CSA-in-a-Box Streaming Examples

This directory contains examples demonstrating the Lambda architecture implementation for real-time streaming data processing using Azure services.

Architecture Overview

The CSA streaming platform implements the Lambda architecture pattern with three main layers:

graph TB
    subgraph "Data Sources"
        USGS[USGS Earthquake Feed]
        IoT[IoT Sensors]
        API[API Events]
    end

    subgraph "Ingestion Layer"
        EH[Azure Event Hubs]
        EHP[Event Hub Producer]
    end

    subgraph "Speed Layer (Hot Path)"
        EP[Event Processor]
        SL[Speed Layer]
        CDB[Cosmos DB]
        ADX1[Azure Data Explorer]
    end

    subgraph "Batch Layer (Cold Path)"
        ADLS[ADLS Gen2<br/>Event Hub Capture]
        BL[Batch Layer]
        GOLD[Gold Layer<br/>Parquet/Delta]
    end

    subgraph "Serving Layer"
        SerL[Serving Layer]
        ADX2[Azure Data Explorer<br/>Materialized Views]
        CACHE[Query Cache]
    end

    subgraph "Applications"
        DASH[Real-time Dashboard]
        API_APP[API Applications]
        BI[Power BI / Analytics]
    end

    USGS --> EHP
    IoT --> EHP
    API --> EHP
    EHP --> EH

    EH --> EP
    EP --> SL
    SL --> CDB
    SL --> ADX1

    EH --> ADLS
    ADLS --> BL
    BL --> GOLD

    ADX1 --> SerL
    GOLD --> SerL
    SerL --> ADX2
    SerL --> CACHE

    SerL --> DASH
    SerL --> API_APP
    ADX2 --> BI

    classDef azure fill:#0078d4,stroke:#004578,stroke-width:2px,color:#ffffff
    classDef processing fill:#00bcf2,stroke:#0078d4,stroke-width:2px,color:#ffffff
    classDef storage fill:#00a86b,stroke:#005a37,stroke-width:2px,color:#ffffff
    classDef app fill:#ff6b00,stroke:#cc5500,stroke-width:2px,color:#ffffff

    class EH,ADLS,CDB,ADX1,ADX2,GOLD azure
    class EP,SL,BL,SerL processing
    class CACHE storage
    class DASH,API_APP,BI app

Components

1. Event Processor (event_processor.py)

Generic event processor that: - Reads from Azure Event Hubs using async client - Supports multiple event types (earthquake, weather, IoT, clickstream) - Handles checkpointing via Azure Blob Storage - Provides callback pattern for processing events - Graceful shutdown handling

Key Features: - Configurable batch sizes and wait times - Automatic JSON parsing with schema validation - Error handling and retry logic - Checkpoint management for reliability

2. Speed Layer (speed_layer.py)

Real-time processing layer that: - Processes events in real-time with low latency - Applies sliding and tumbling window aggregations - Writes to Cosmos DB for operational queries - Writes to Azure Data Explorer for analytical queries - In-memory event buffering with configurable limits

Window Types: - Sliding Windows: 5-minute windows with 30-second slides - Tumbling Windows: 1-minute non-overlapping windows

3. Batch Layer (batch_layer.py)

Batch processing layer that: - Reads raw events from ADLS (Event Hubs Capture) - Reprocesses using pandas for correctness - Writes to Gold layer as Parquet files - Compacts partitions for query performance - Designed for scheduled execution (Azure Data Factory)
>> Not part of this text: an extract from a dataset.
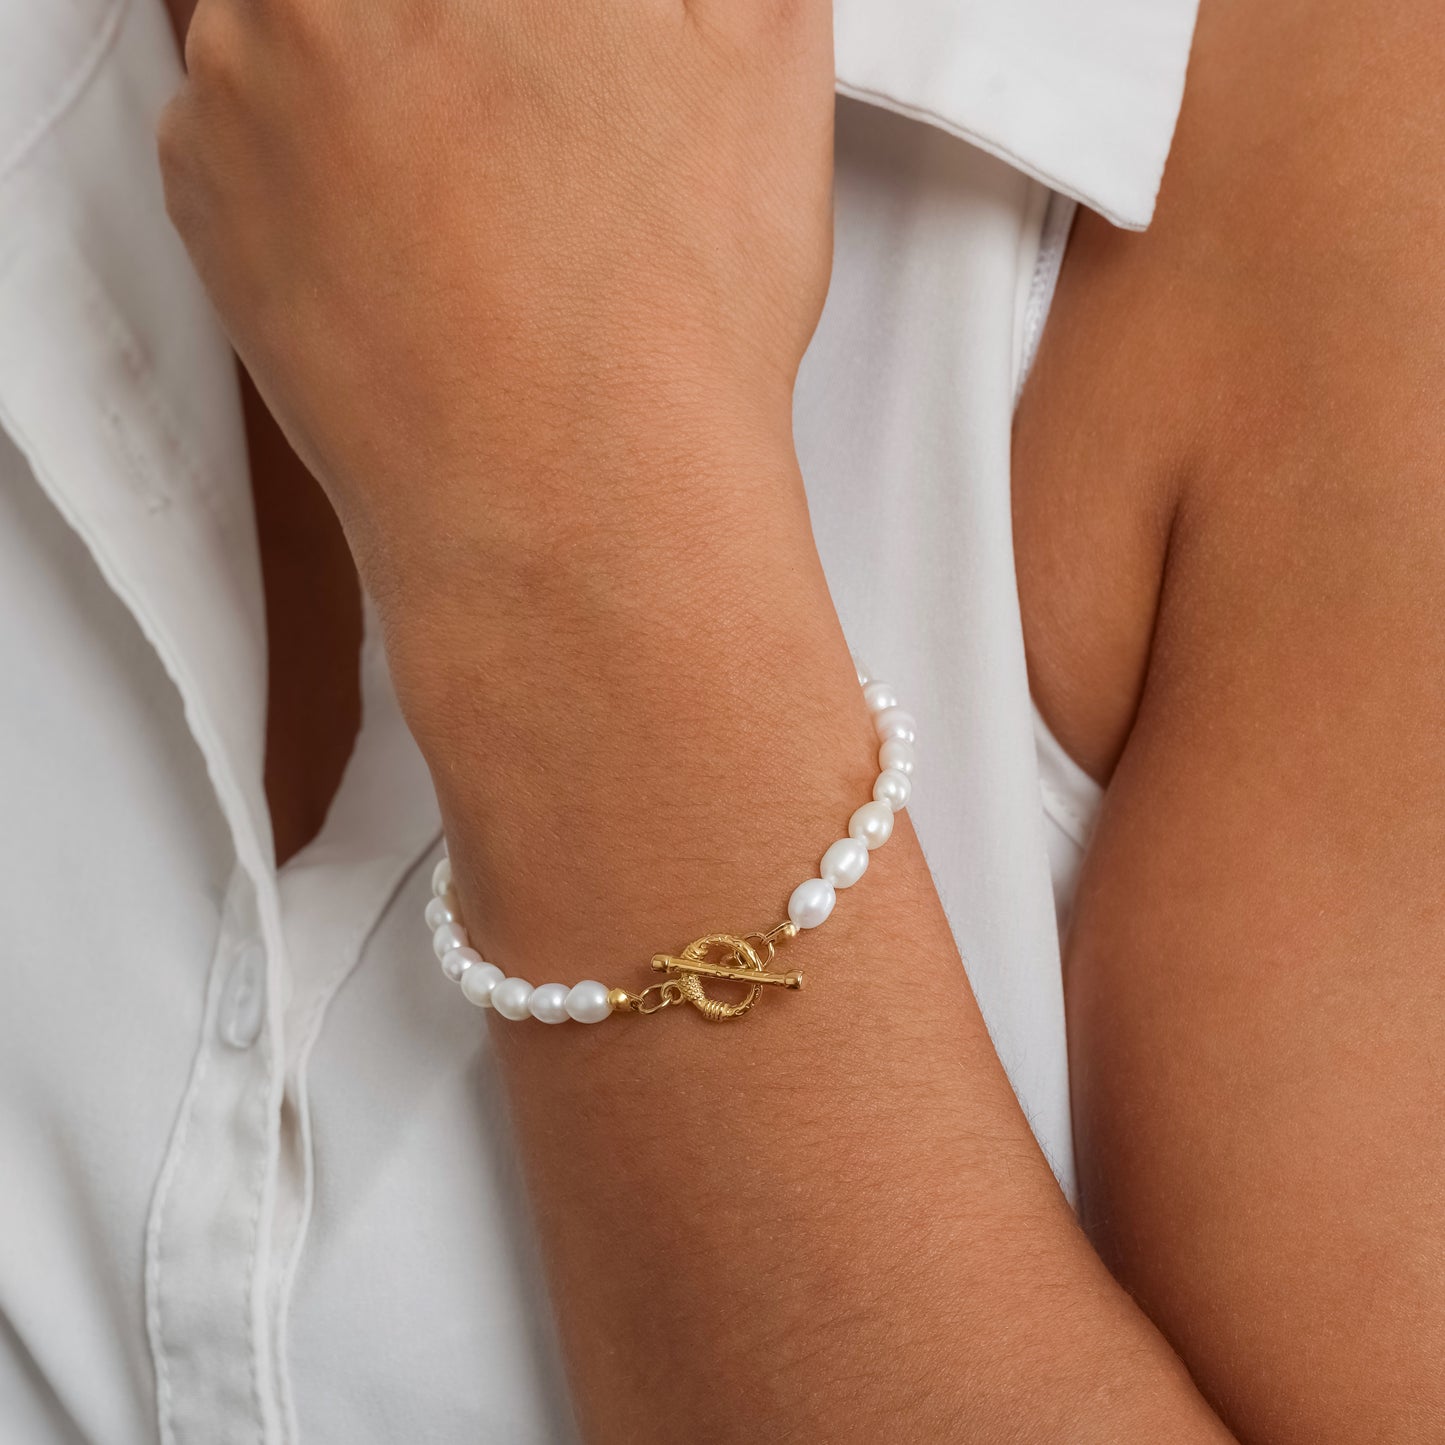 A model in a white sleeveless top wearing Toggle Clasp Pearl bracelet on her wrist.

Processing Features: - Data deduplication and validation - Partitioned storage by event_type and date - Automatic compaction of small files - Checkpoint tracking for incremental processing

4. Serving Layer (serving_layer.py)

Unified query layer that: - Merges speed layer (recent) + batch layer (historical) data - Supports time-range queries with configurable overlap - Provides both analytical (ADX) and operational (Cosmos) interfaces - Handles deduplication between hot and cold paths

Query Types: - Recent data from speed layer - Historical data from batch layer
- Merged views with overlap handling - Operational lookups by ID/type/source

Examples

Earthquake Monitoring (earthquake_monitor.py)

Complete demonstration of the Lambda architecture using real earthquake data from USGS.

Features: - Fetches earthquake data from USGS GeoJSON feeds - Publishes events to Azure Event Hubs - Real-time processing through speed layer - Real-time terminal dashboard - Magnitude-based aggregations and location tracking

Usage:

# Set required environment variables
export EVENTHUB_CONNECTION_STRING="Endpoint=sb://namespace.servicebus.windows.net/;..."
export EVENTHUB_NAME="earthquakes"
export COSMOS_ENDPOINT="https://account.documents.azure.com:443/"
export ADX_CLUSTER_URL="https://cluster.region.kusto.windows.net"
export ADLS_ACCOUNT_URL="https://storage.dfs.core.windows.net"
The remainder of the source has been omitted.